* [GIVEN DATA]
• • • • •

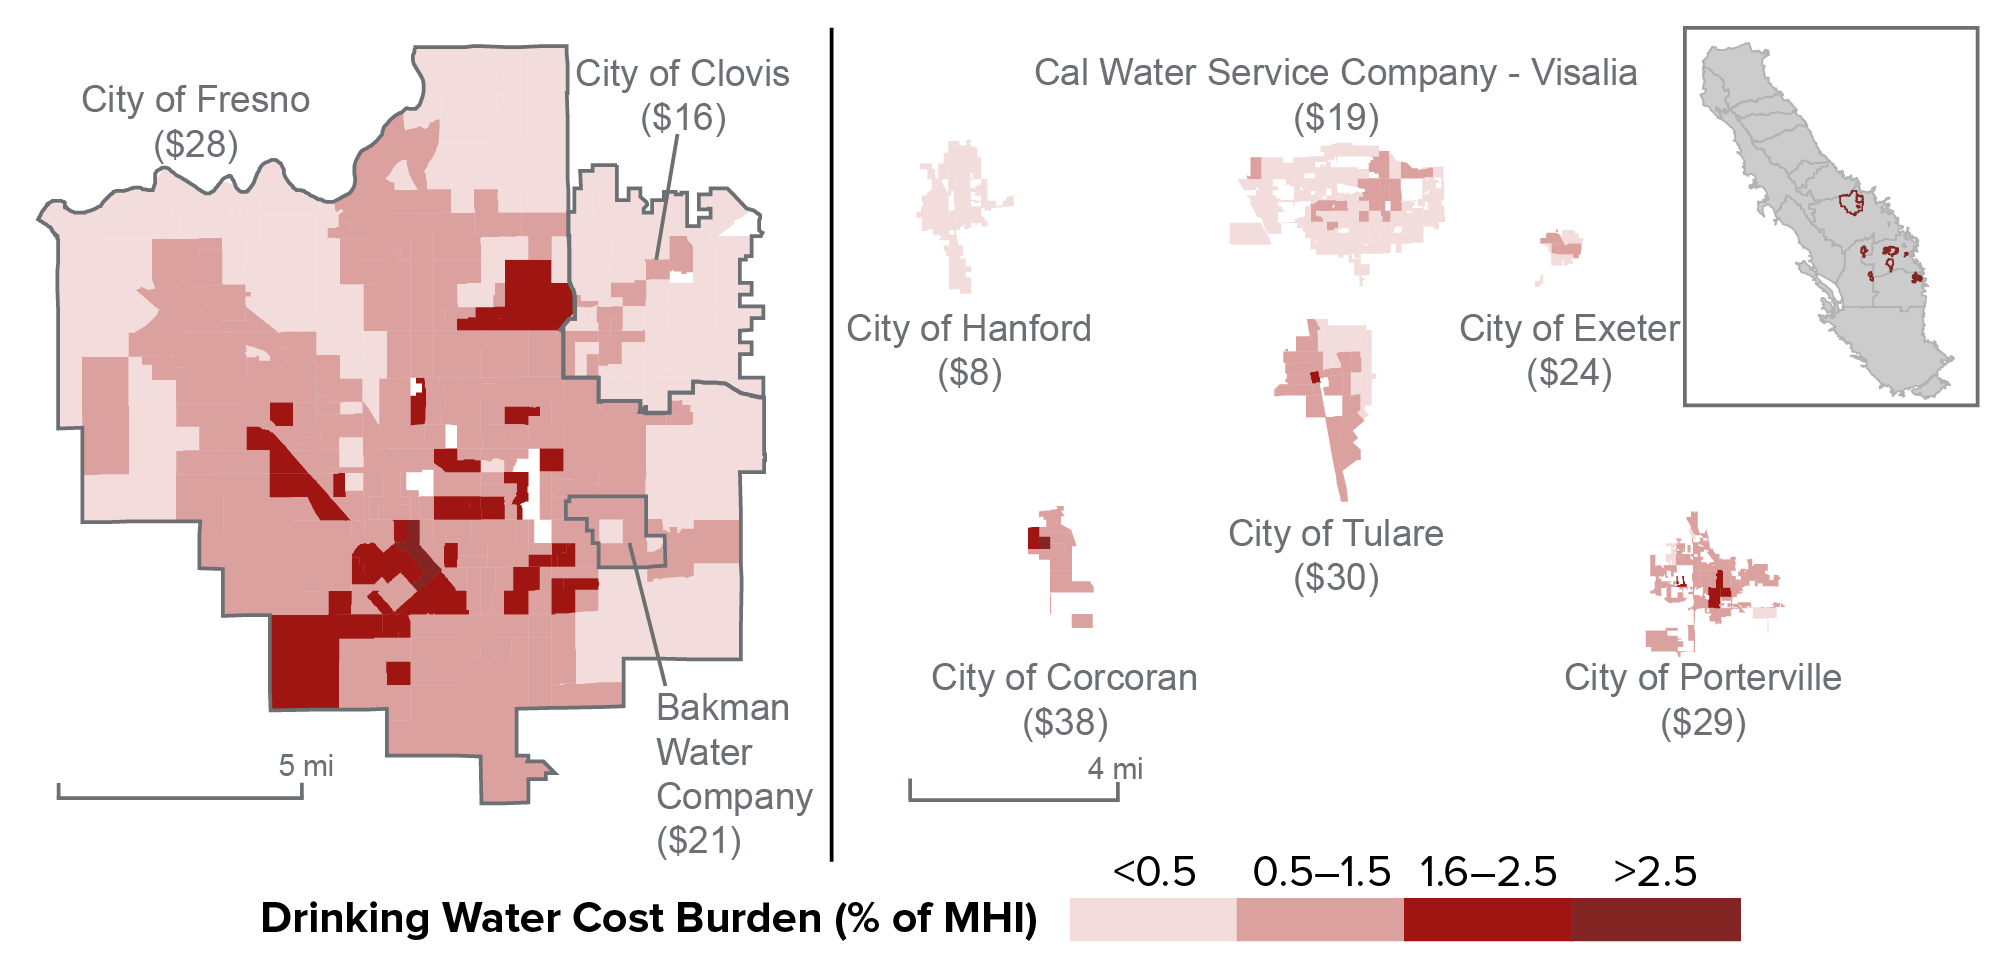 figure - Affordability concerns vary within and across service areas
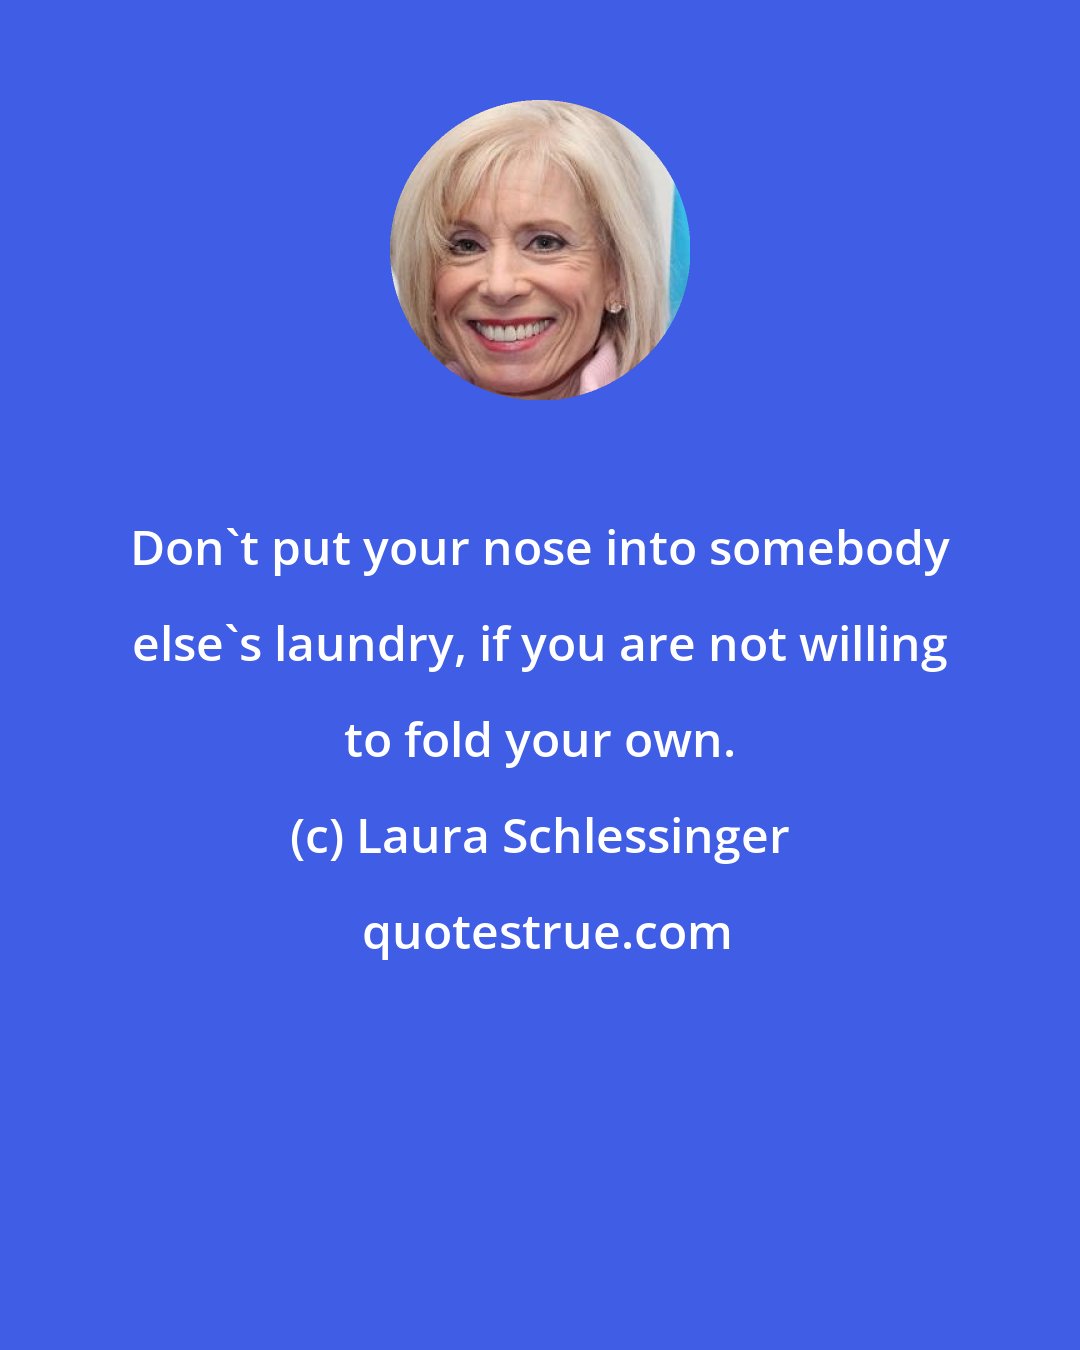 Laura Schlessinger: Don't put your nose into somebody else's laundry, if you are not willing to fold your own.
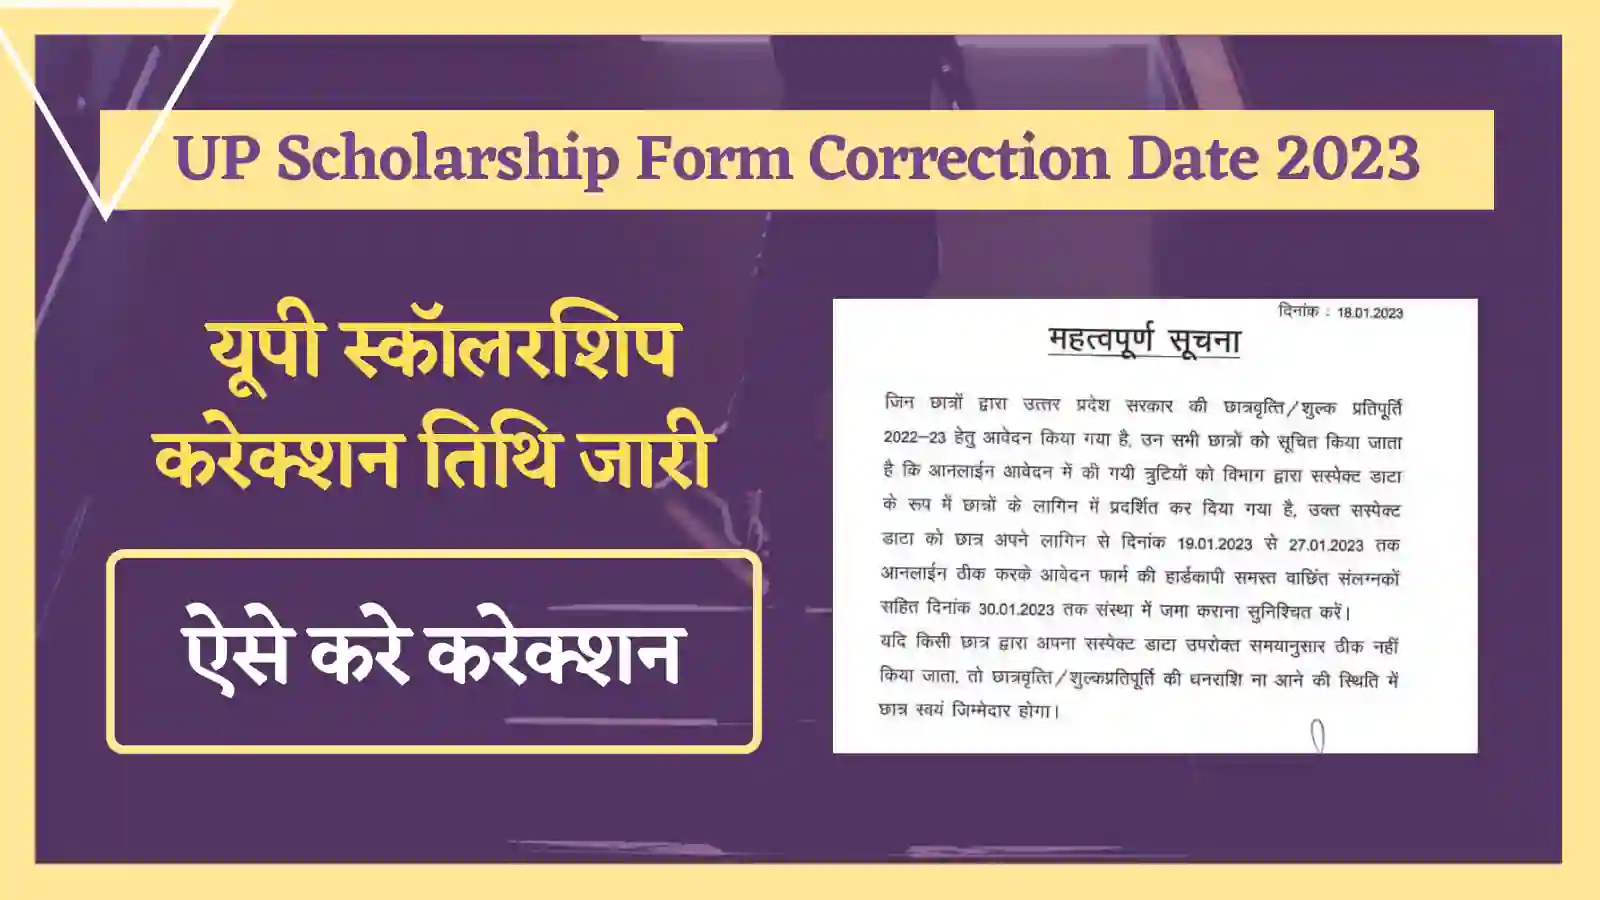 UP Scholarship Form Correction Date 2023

• • • • •

* [EXERCISE BRIEF]
Restate each line of the material word for word, skipping any picture.

* [EXERCISE ANSWER]
 figure - Affordability concerns vary within and across service areas
 Laura Schlessinger: Don't put your nose into somebody else's laundry, if you are not willing to fold your own.
 UP Scholarship Form Correction Date 2023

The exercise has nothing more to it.